Da gibt es in der Tat ein Problem! Das Skript hat in der letzten Fassung (2011) gerade mal noch 43 Seiten Text. Es wurde offensichtlich genau nach dem Rahmenstoffplan zusammengestrichen. Beispiel Konjunkturzyklus:
Im RSP steht
"1.1.3 Konjunktur und Wirtschaftswachstum
1.1.3.1 Ziele der Stabilitätspolitik
Zielsetzungen und ihre Messbarkeit
Zielkonflikte und Zielharmonien
1.1.3.2Wirtschaftspolitische Maßnahmen und Konzeptionen
- Geldpolitik
- Finanzpolitik
- Wachstumspolitik
- Tarifpolitik
- Arbeitsmarktpolitik
- Umweltpolitik
- Unterscheidung nachfrage- und angebotsorientierte
Wirtschaftspolitik"

Da ist von dem Konjunkturzyklus und seinen Phasen keine Rede - dafür haben wir diese (sorry: idiotische) detaillierte Aufzählung der Politik-Bereiche.
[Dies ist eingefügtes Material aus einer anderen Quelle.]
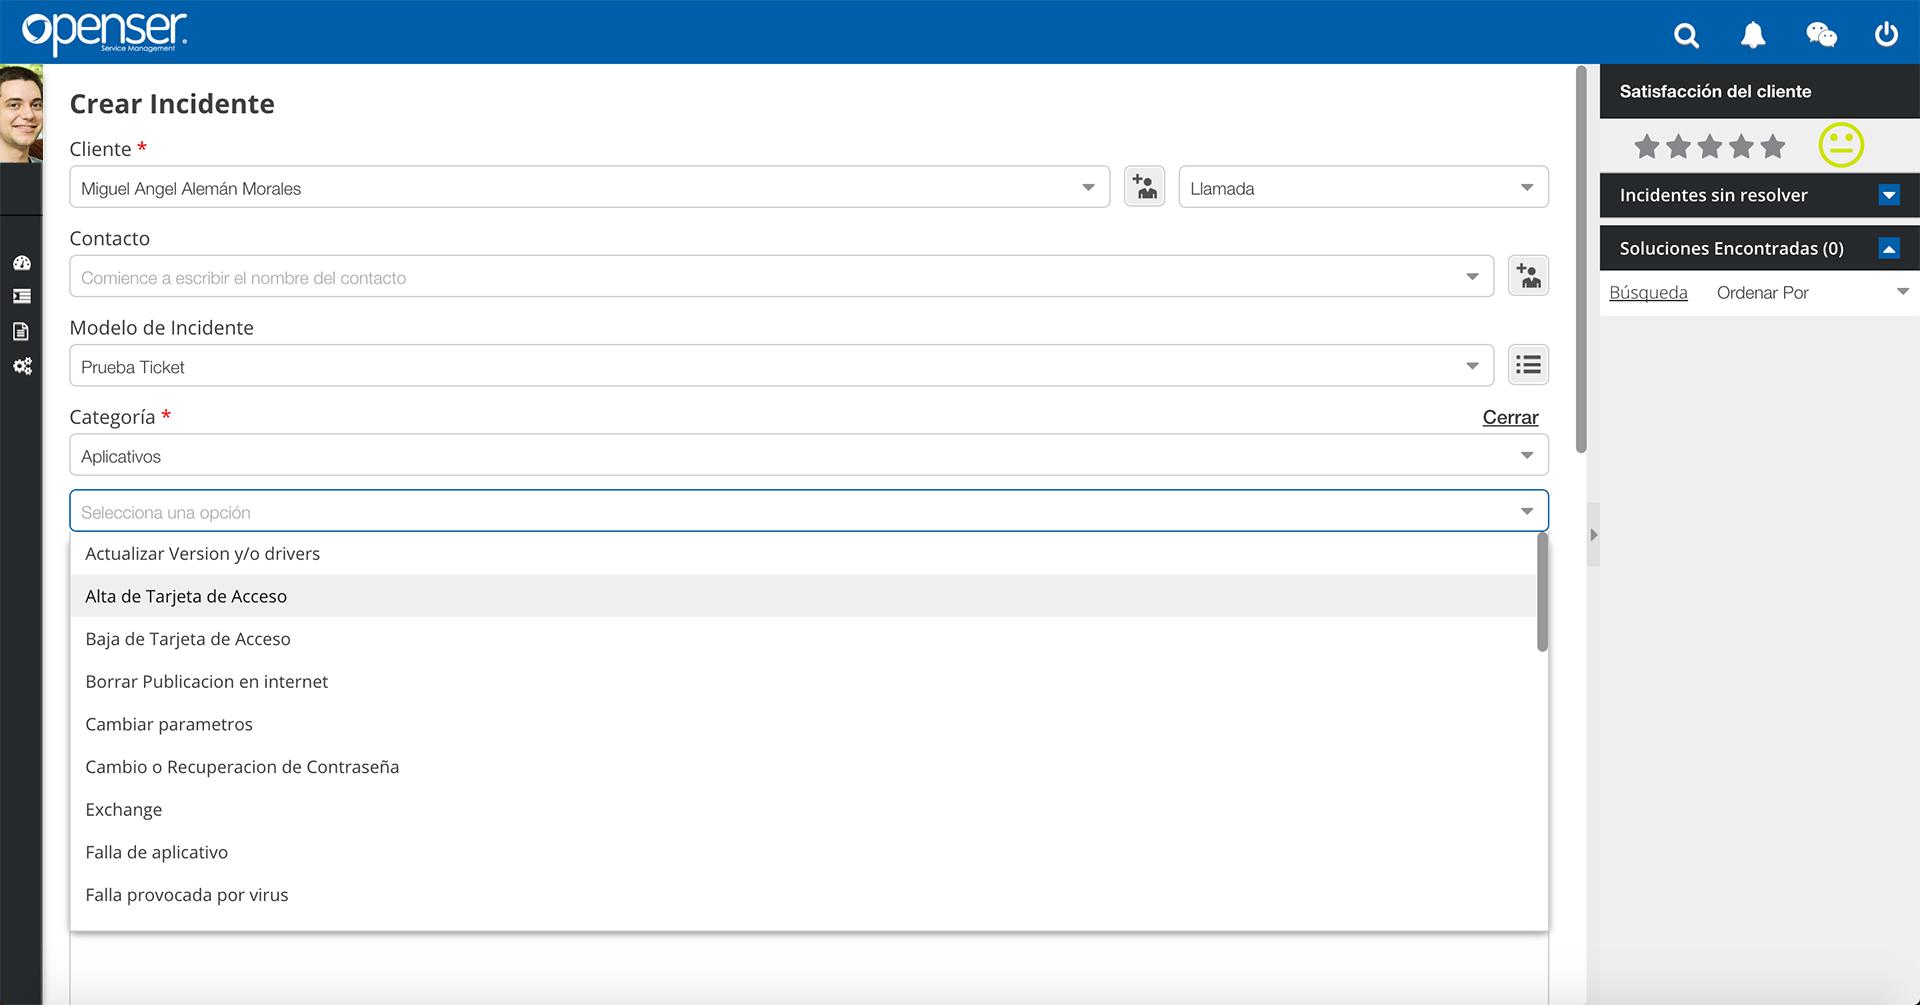 Registro de Incidentes - Openser

Die erstreckt sich dann im Skript auch über 10 Seiten (von denen 5 überflüssig sind) Es ist also zuuerst einmal ein Problem des RSP. Ich frag mich schon, ob da ausser Juristen überhaupt noch ein Volkswirt und Dozent mitgewirkt hat... Die Frage ist nur: wie soll jemand die (anti-zyklische!) Konjunkturpolitik verstehen, wenn ich den Konjunkturzyklus, seine Phasen und deren Kennzeichen nicht erkläre? Klausurfrage im Herbst 2011: "Erläutern Sie, wie mit Hilfe der antizyklischen Fiskalpolitik die konjunkturelle Arbeitslosigkeit bekämpft werden kann." - Genau so Zahlungsbilanz: wie soll ich im Mag. Viereck das außenwirtschaftl. Gleichgewicht erklären - ohne vorher zu erklären, woran die Erreichung des Ziels gemessen wird (Saldo der Leistungsbilanz)?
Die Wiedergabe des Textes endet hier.